The role of senescent cells in cancer progression and resistance. Pre-neoplastic lesions with BRAFV600E or RAS mutations can acquire senescent cells through oncogenic induced senescence (OSI). The OIS cells can spread senescence to nearby cells through their senescent associated secretory phenotype (SASP). If these senescent cells are not cleared by the immune system, the SASP can produce a pro-inflammatory and pro-tumor microenvironment with increased DNA damage, oxidative stress, and immunosenescence resulting in malignant transformation.
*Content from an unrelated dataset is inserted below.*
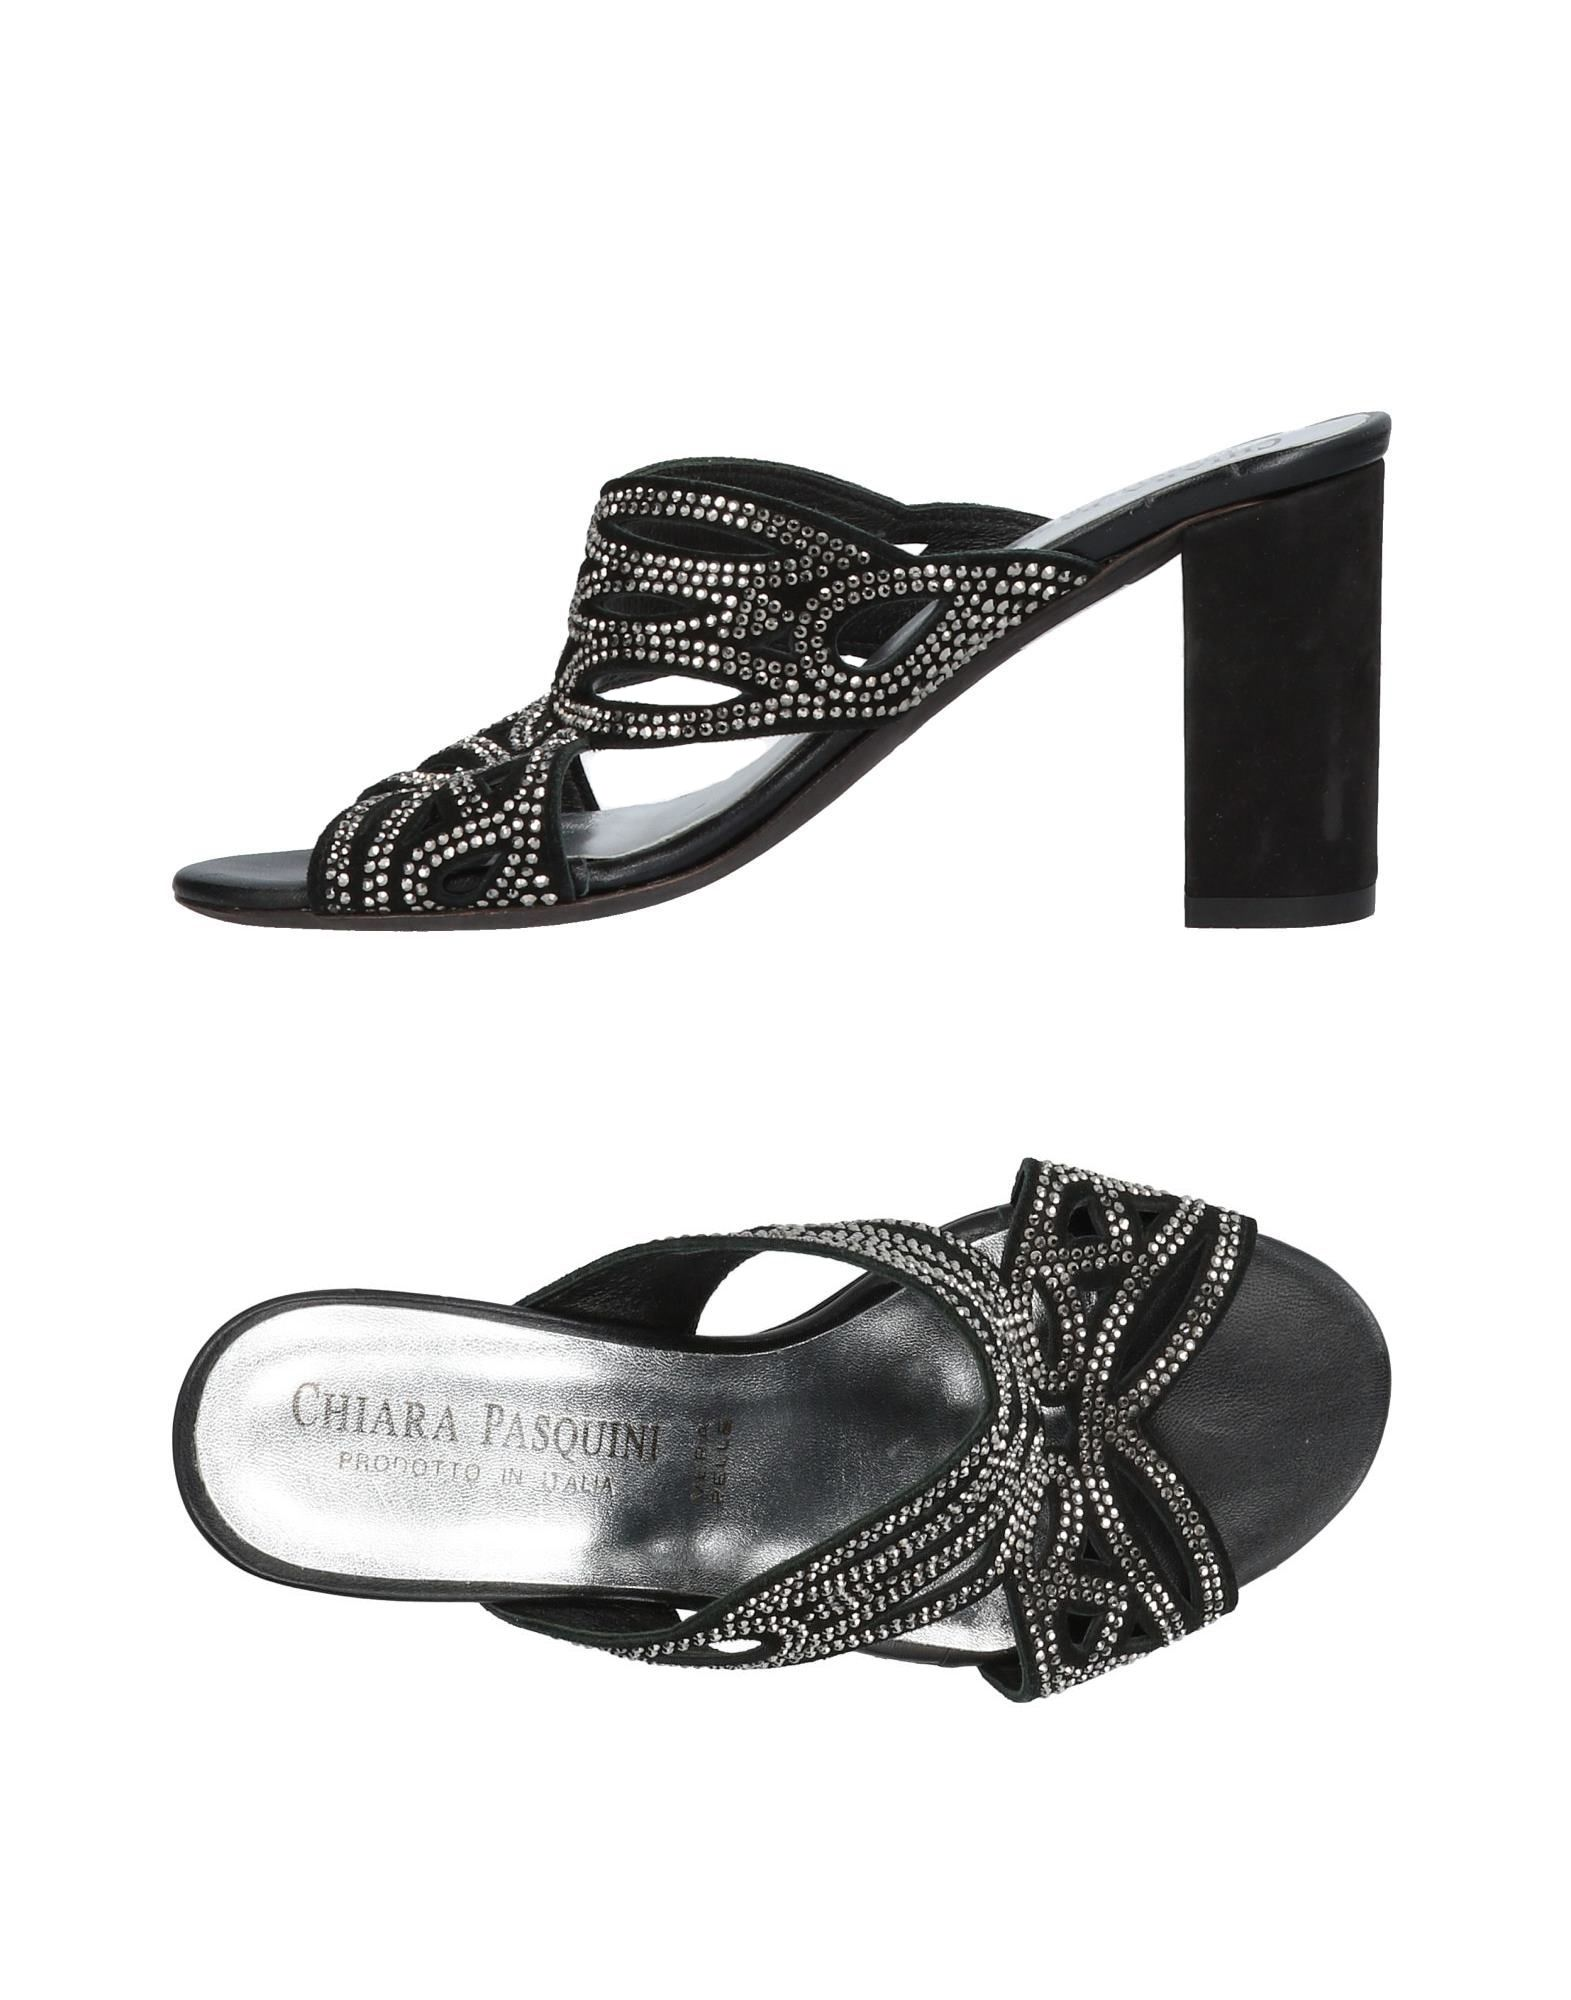 Chiara Pasquini Sandalen Damen  11424846MR Gute Qualität beliebte Schuhe

Therapy induced senescence (TIS) by BRAFi is initially beneficial in combating malignant melanoma, but can lead to increased senescence, drug resistance, and aggressive, stem-like tumor phenotype. Senotherapeutics can reverse all phases of disease progression by targeting pro-survival pathways, reducing SASPs and/or by aiding the immune system in clearing senescent cells.